Todo lo que tengo lo llevo conmigo (20 page)

En el campo ya había habido tres intentos de fuga. Los tres, ucranianos de los Cárpatos, compatriotas de Tur Prikulitsch. Aunque hablaban bien el ruso, los tres fueron capturados y presentados al recuento desfigurados por los golpes. Después ya no los vimos más, debieron de enviarlos a un campo especial o a la tumba.
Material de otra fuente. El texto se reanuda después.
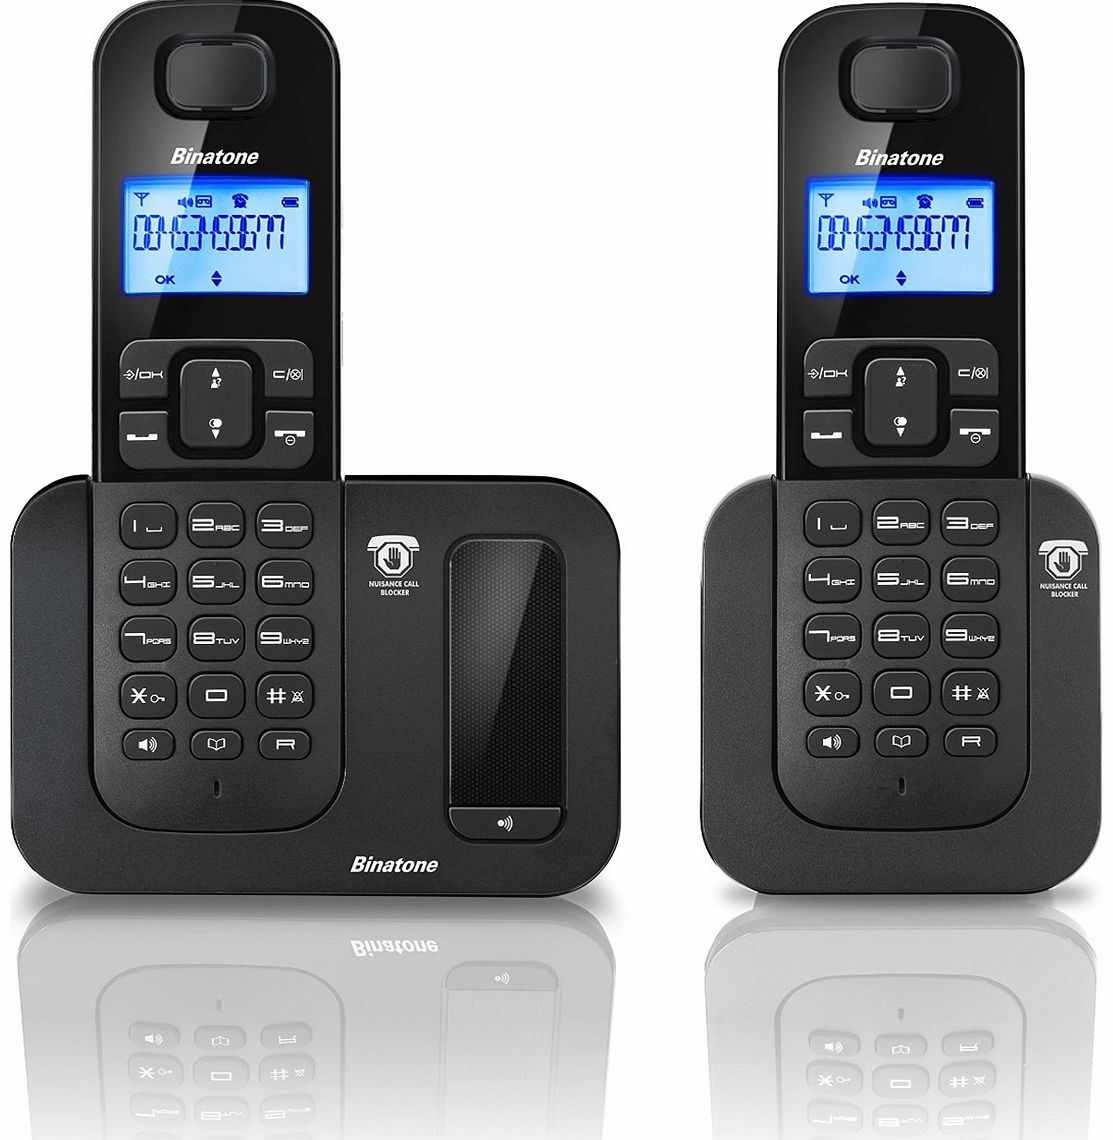 Binatone 6015-TWIN Home Phones

En ese momento divisé a mano izquierda un chamizo de tablas y un centinela con pistola al cinto, un tipo joven, delgado, al que le pasaba media cabeza. Me estaba esperando y me hizo una seña. No pude detenerme, él tenía prisa, caminamos siguiendo los campos de coles. Él masticaba pipas de girasol, se lanzaba dos a la boca al mismo tiempo y, tras un movimiento brusco, escupía las cáscaras por una de las comisuras mientras atrapaba con la otra las siguientes y las cáscaras vacías volvían a salir volando. Caminábamos deprisa, al compás de su jadeo. A lo mejor es mudo, pensé. Él no hablaba, no sudaba, sus acrobacias bucales no perdían el ritmo. Caminaba como si el viento lo arrastrase sobre ruedas. Callaba y comía como una descascarilladora. Al fin me tiró del brazo y nos detuvimos. Había cerca de veinte mujeres desperdigadas por el sembrado. No tenían herramientas, desenterraban las patatas con las manos. El guardia me señaló una fila. El sol lucía en medio del cielo como un trozo de brasa. Escarbé con las manos, el suelo estaba duro. La piel se abrió, las heridas escocían debido a la suciedad. Al levantar la cabeza, bandadas de puntos vibrantes volaban ante mis ojos. La sangre se congestionaba en el cerebro. En el sembrado estaba ese tipo joven con la pistola; además de guardián,
nachálnik
, jefe de brigada, capataz e inspector, todo en uno. Cuando sorprendía a las mujeres hablando, azotaba sus rostros con hojas de patata o les introducía patatas podridas en la boca. Y no era mudo. Yo no entendía lo que gritaba mientras tanto. No eran maldiciones de carbón, ni órdenes de obra, ni palabras de sótano.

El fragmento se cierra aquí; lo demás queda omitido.